§ **Work order**: All that should be output is the block of lines below from the line with "Two Praying Angels" to the line with "Amazing coloring book for babies", both included, exactly as written.

§ **Records shown**:

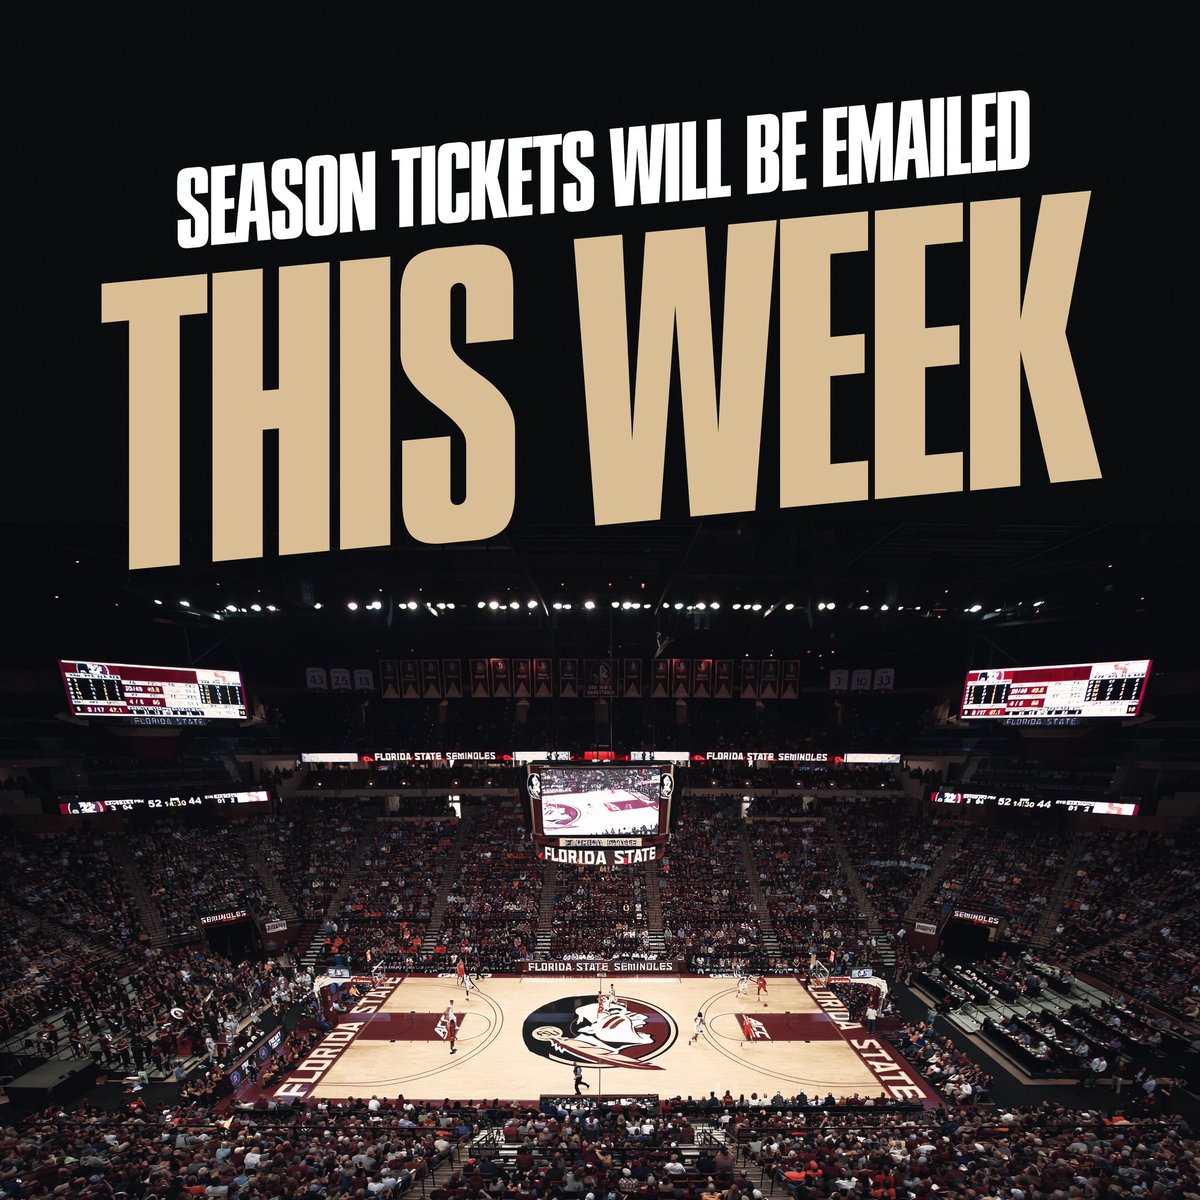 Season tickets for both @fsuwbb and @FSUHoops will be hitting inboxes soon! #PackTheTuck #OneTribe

---

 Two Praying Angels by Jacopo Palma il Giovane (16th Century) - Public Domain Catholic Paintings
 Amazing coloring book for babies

§ **Response**:
 Two Praying Angels by Jacopo Palma il Giovane (16th Century) - Public Domain Catholic Paintings
 Amazing coloring book for babies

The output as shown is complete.